Under BlackBerry 10 OS, the C library open() creates the same message that it would have sent to the local filesystem and sends it to the filesystem on node wintermute. In the local and remote cases, the exact same filesystem is used.

This is another fundamental characteristic of BlackBerry 10 OS: network-distributed operations are essentially free, as the work to decouple the functionality requirements of the clients from the services provided by the servers is already done, by virtue of message passing.

On a traditional kernel there's a double standard where local services are implemented one way, and remote (network) services are implemented in a totally different way.

What it means for you

Message passing is elegant and network-distributed. So what? What does it buy you, the programmer? Well, it means that your programs inherit those characteristics — they too can become network-distributed with far less work than on other systems. You can test software in a nice, modular manner.

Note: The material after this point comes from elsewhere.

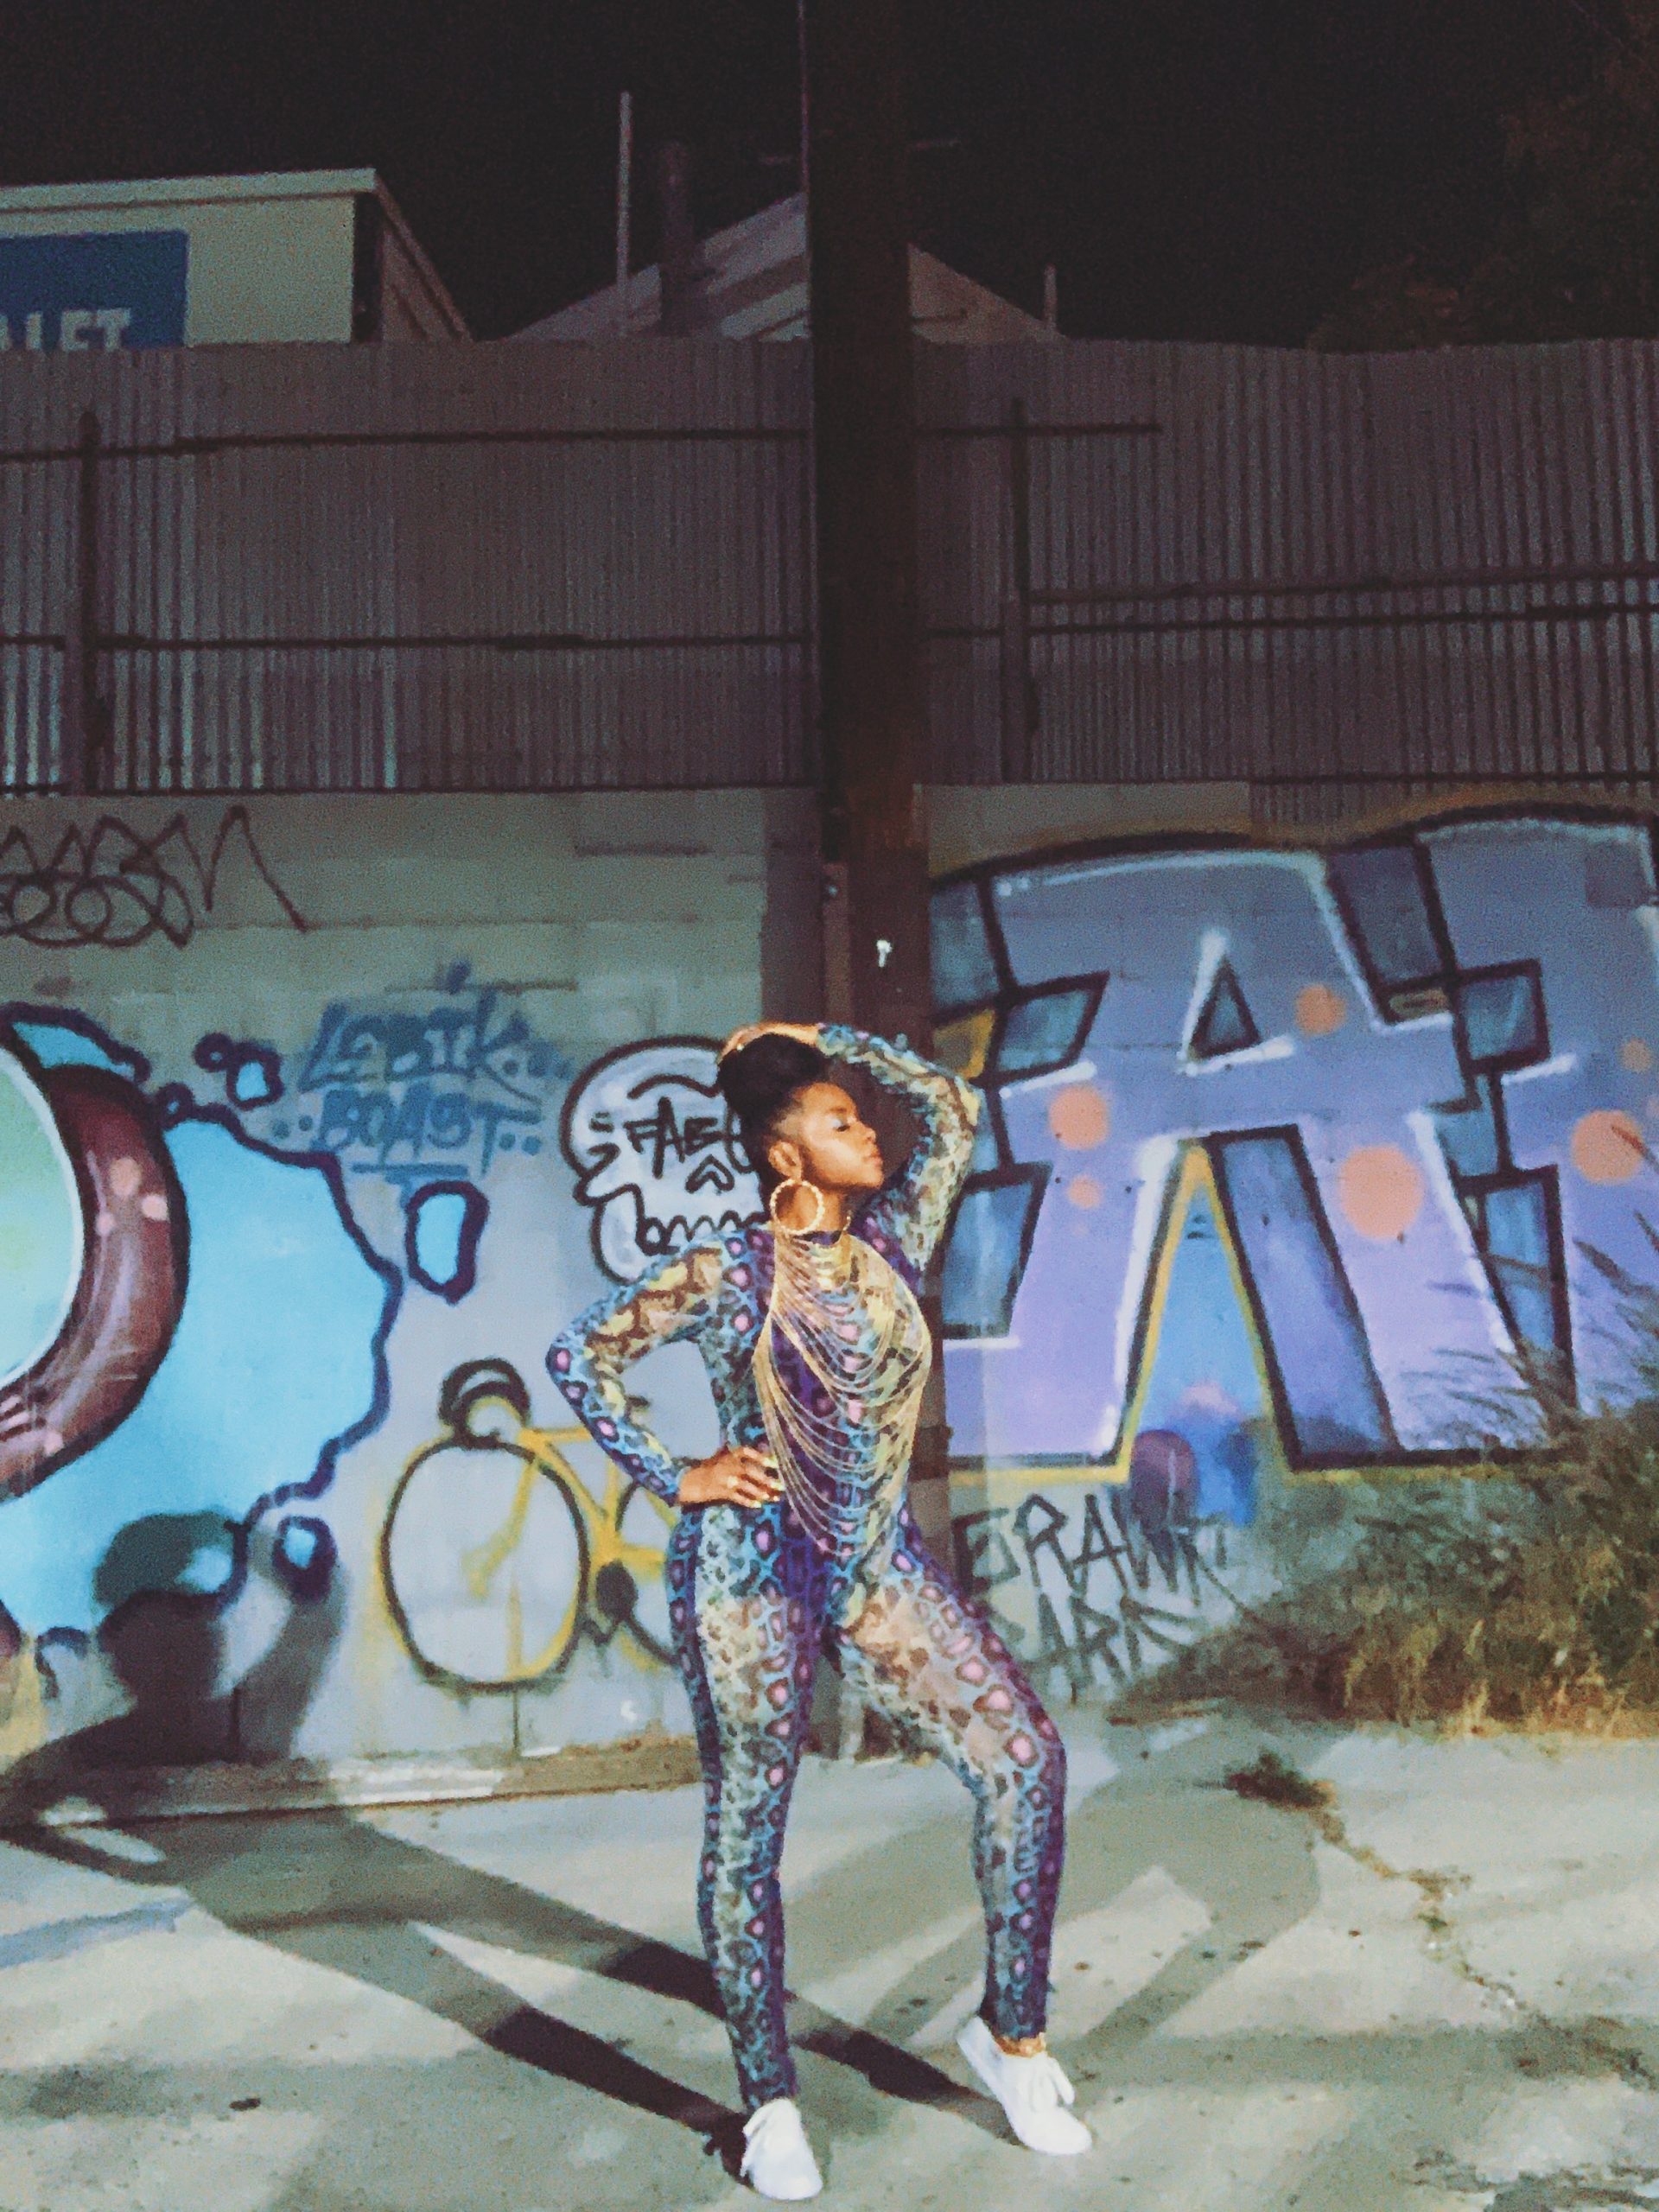 BTS Photo of NFT Artist Latahsha posing in front of graffiti

You've probably worked on large projects where many people have to provide different pieces of the software. Of course, some of these people are done sooner or later than others.

These projects often have problems at two stages: initially at project definition time, when it's hard to decide where one person's development effort ends and another's begins, and then at testing/integration time, when it isn't possible to do full systems integration testing because all the pieces aren't available.

With message passing, the individual components of a project can be decoupled very easily, leading to a very simple design and reasonably simple testing. If you want to think about this in terms of existing paradigms, it's very similar to the concepts used in Object Oriented Programming (OOP).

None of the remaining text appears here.